Once more, for the last time, he saw on her face the expression he had always found both fascinating and disturbing: the half-closed eyes, the luminous pause before the words came, that brief contortion of the mouth, like a prelude to ecstasy. But the words when they came were sad with final knowledge: “It is not because you have nothing to offer me but because you have nothing now to add me to.”
He felt anger at this.

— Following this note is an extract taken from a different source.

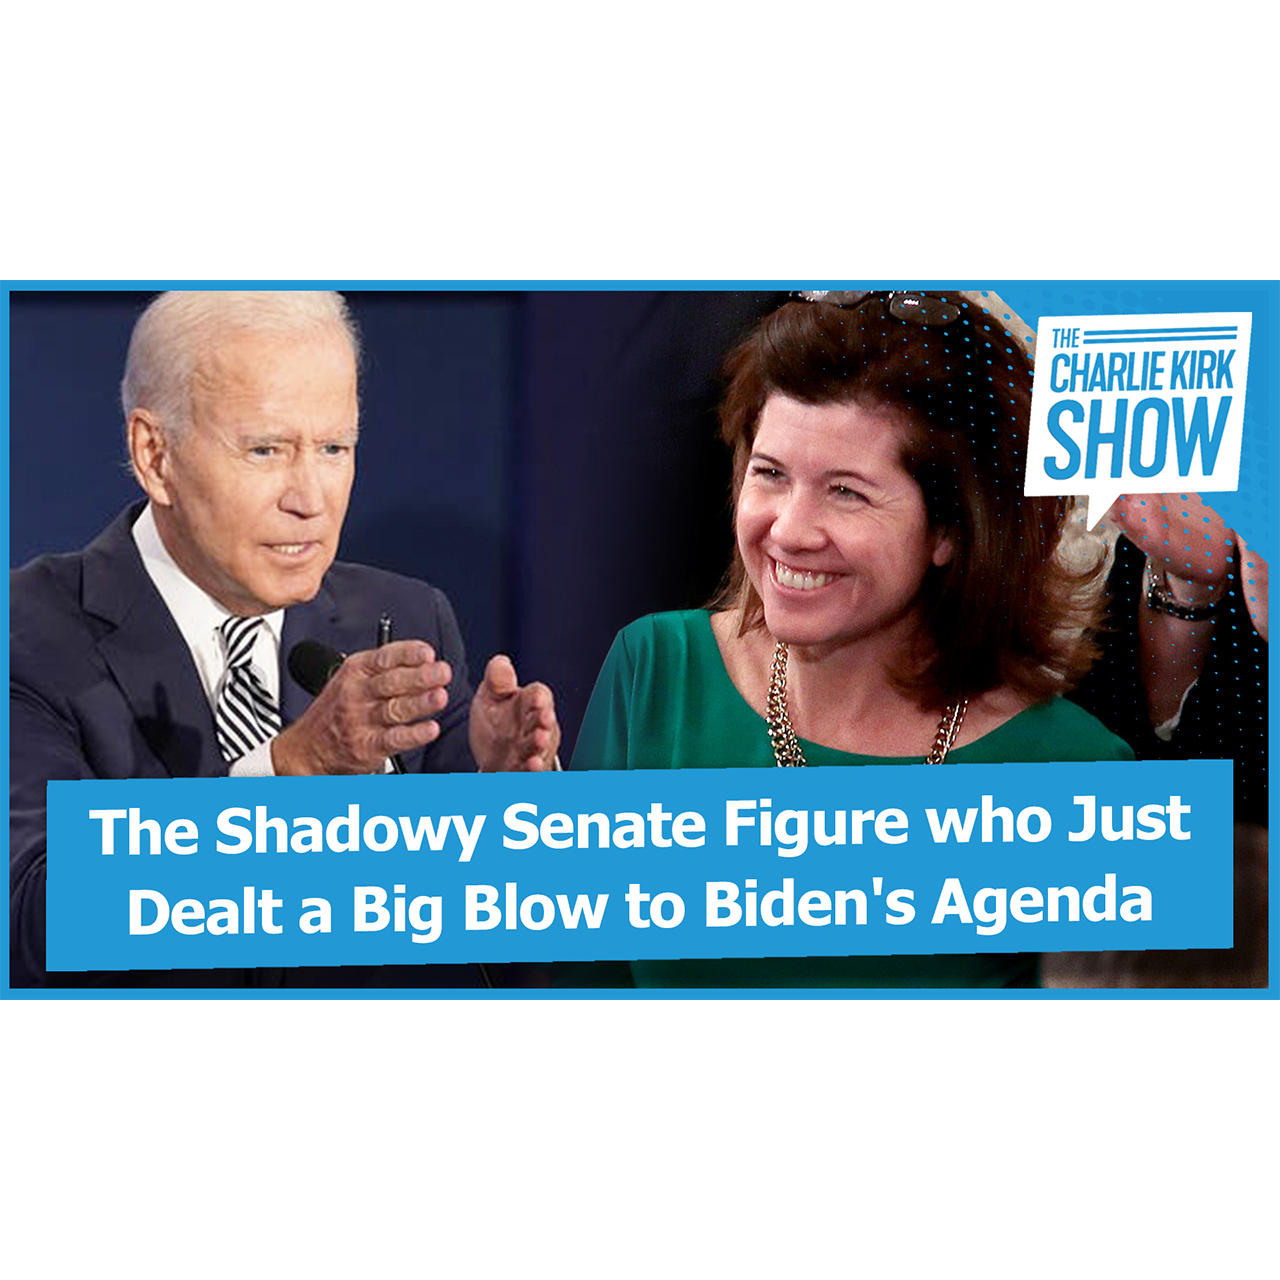 The Shadowy Senate Figure who Just Dealt a Big Blow to Biden's Agenda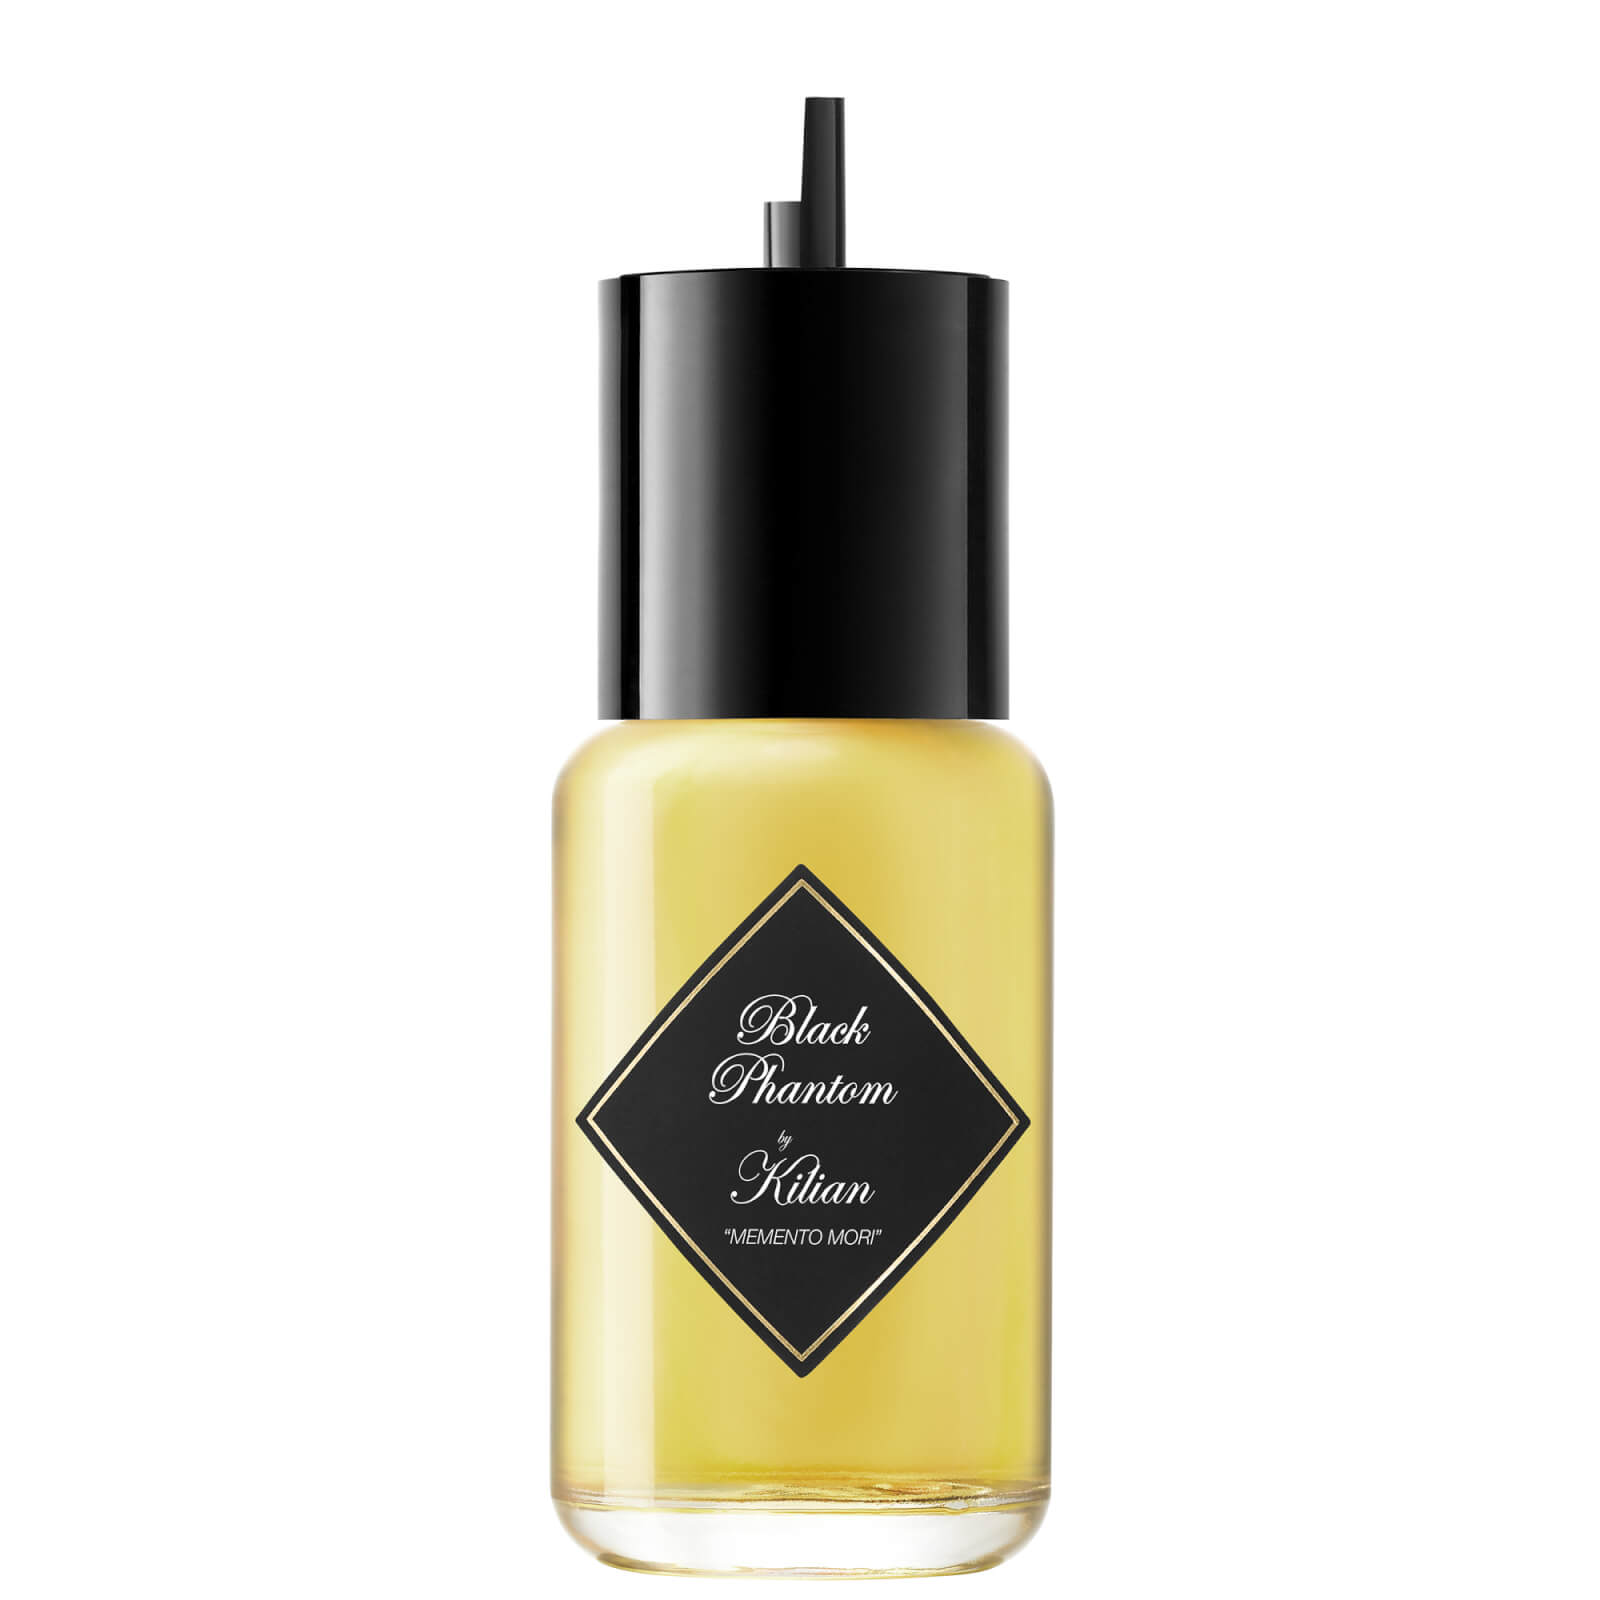 Photos - Women's Fragrance Kilian Black Phantom Eau de Parfum - 50ml Refill

She had belittled his sacrifice. With a brief phrase of farewell he turned away. She did not answer, but as he passed out of the room she called loudly after him in a voice that returning tears had made inarticulate —perhaps it was an attempt to call his name.
The declarations had been made already in the course of these interviews with father and daughter; but they needed to be uttered in the shrine of his room, where loneliness and custom could bind them into the sanctity of a vow.
As always, his possessions, things deeply familiar to him, acted on his sensibilities like objects of ritual. The fact that the house and most of its contents would soon be coming under the hammer gave force and fervour to his words, as a promise takes more poignant strength when uttered in the midst of danger and change. Kneeling at his bedside while sparrows chirped their loves in the eaves over the window, he spoke to God and his silver spurs and the pistols on the wall and his mother’s framed embroidery extolling the virtues of the meek.
“Every penny.” It was less than a whisper.
There were only the slight, plosive sounds of his dry and fervent lips, the click of tongue in the dry mouth. “I will restore my father’s good name. I will go into sugar.”
BOOK TWO
1765
PART EIGHT
37.
Sir William Templeton, His Majesty’s Principal Secretary to the West India Office, was at his dressing-table, still in turban and flowered banyan. His levee had scarcely begun.